I worked in a restaurant for 9 months, and I still don’t know how to order food in Czech


Coming a long way from Costa Rica to Cyprus, later to Kenya, and finally to the Czech Republic, Adri Mendéz is a 21-year-old graphic design student, currently studying in her final year at Prague College. Having lived in Prague for 3 years now, she recalls her beginnings in Prague, learning the Czech language and getting closer to the Czech community via social media.


Why did you choose to move to the Czech Republic? What brought you here? 

I chose to move here because of Prague College. The story in itself was that I came to Prague when I was 8 years old for Easter holidays, and I remember saying to myself ‘Oh, this is such a pretty city! I would love to live here.’ And then when I was looking for universities, I was about to apply for architecture at the Architectural Institute in Prague. Then a Facebook ad popped up for Prague College. Last minute I changed my mind and decided to do graphic design. I applied to Prague College, started the process and came here. It’s literally like a dream come true for me. A childhood dream to live in the middle of Europe. Coming from a Latin-American country, we always dream of living in Europe because we see it as the best thing ever! (laughs) It is inaccessible to many people and when you live in Europe, it’s like “Oh, wow!”. So I kinda grew up with that desire.


What were the beginnings here like when it comes to getting used to the country and its culture? 

When I got here, I lived in the dorms, so at first I wasn’t really involved in Czech culture. I was surrounded by expats and the English-speaking community, so it was very difficult for me to connect with the Czechs. I didn’t at all. In terms of living here, I found it very easy because the tram system was so nice. In terms of food, the hardest thing was that I didn’t know how to cook. Thankfully there were restaurants around that were very cheap. It was very easy for me to adapt to the school because the teachers were really nice, the projects were very interesting and I was in love with graphic design as I am now. I remember spending all nights with my classmates in the dorm study hall working on projects. Because in the first semester, you want to prove to yourself that you can do it. Prague for me really represented a sense of freedom from my parents and from who I used to be. It was a lot of fun to explore that. Going out, making friends and just seeing the student scene of Prague was interesting for me. So the beginnings were fun and very freeing. Then little by little I started adapting more, seeing more of the Czech culture and making Czech friends.


Have you ever taken Czech classes to learn the language? If yes, how did it go? 

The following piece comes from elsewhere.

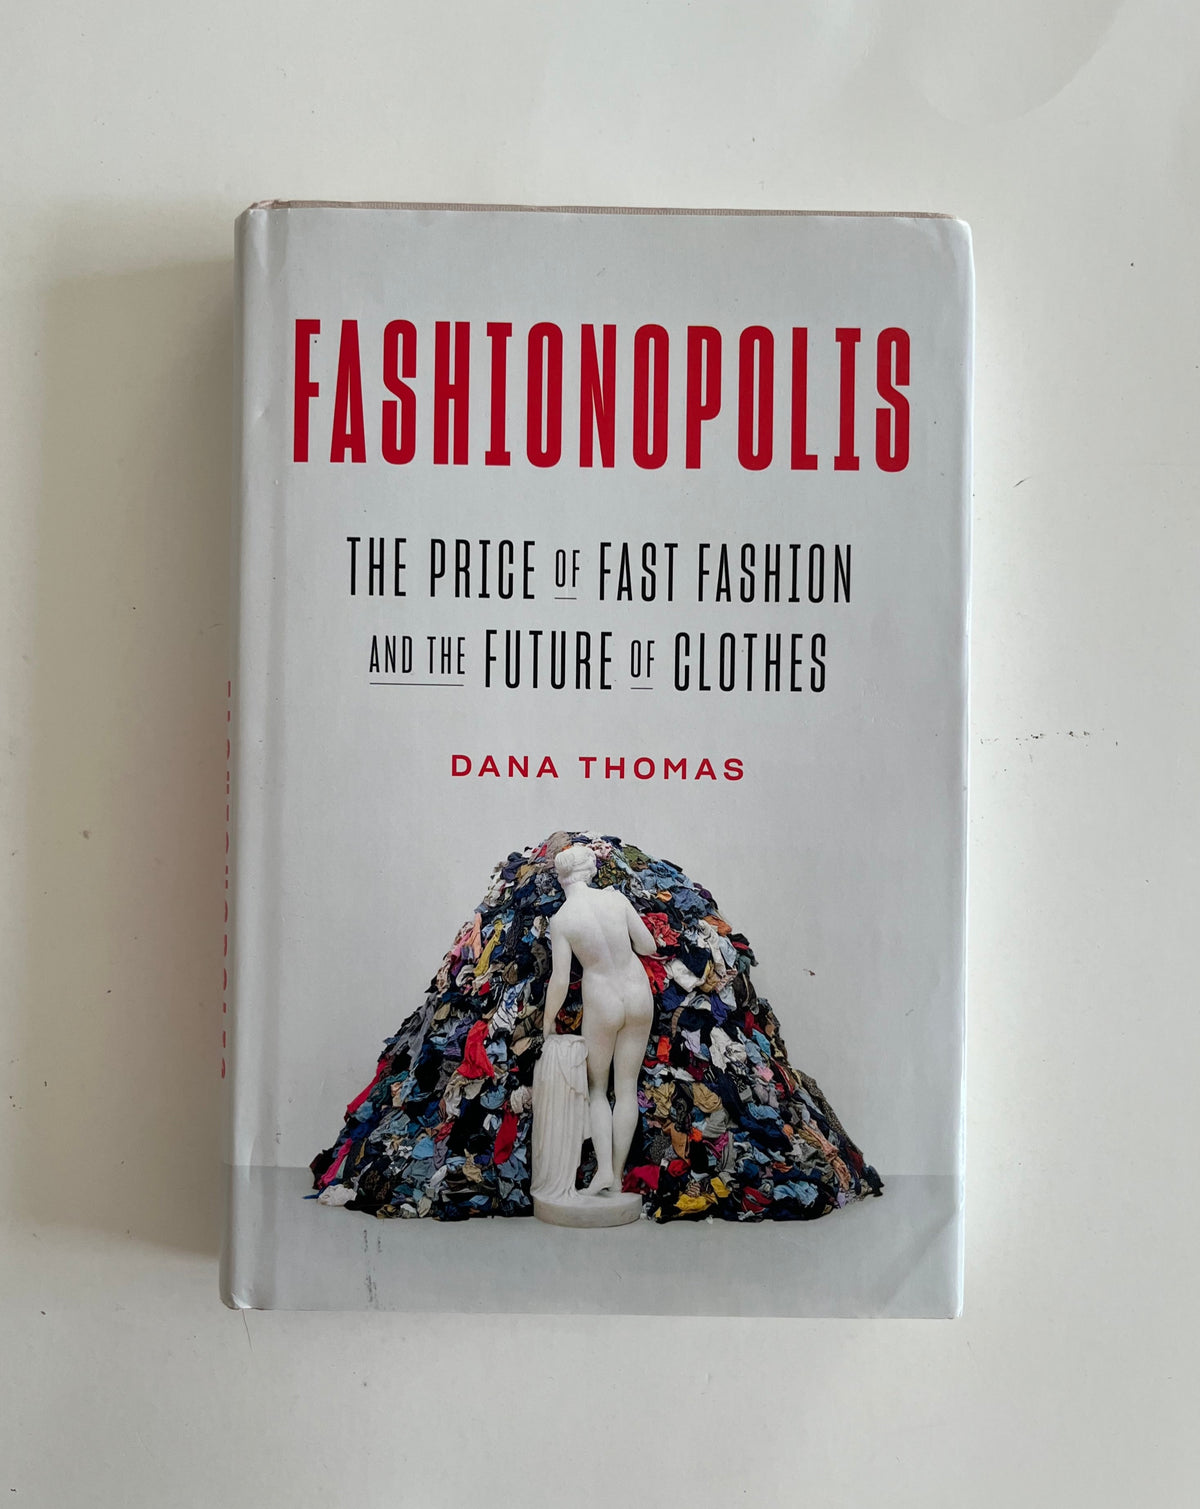 Fashionopolis: The Price of Fast Fashion and the Future of Clothes by Dana Thomas

Yes, I took the Czech classes at school. The issue was that every week there would be a different person coming into the classes, so we’d have to start all over again. So every time they would teach us ‘jedna, dva, tři’ and I was like “Okay, I know how to count to three, can you teach me how to count to ten?” Right now, three years in I can only count to eight because nine and ten are mixed up in my brain. I can count to three which helps me in the gym. The Czech book was also very difficult, it didn’t work for me. I am very bad at languages. I’ve lived in Cyprus, didn’t learn Greek. Lived in Kenya, didn’t learn Swahili. I live in the Czech Republic and don’t speak Czech. It’s a whole cycle, it’s my problem. But one of the things that I know is that for 3 years I’ve survived without Czech. It’s definitely not the best way of surviving, but it is a way. I wish I did learn Czech to communicate more freely.


When shopping or having to deal with communicating with Czech people, do you attempt to speak Czech? 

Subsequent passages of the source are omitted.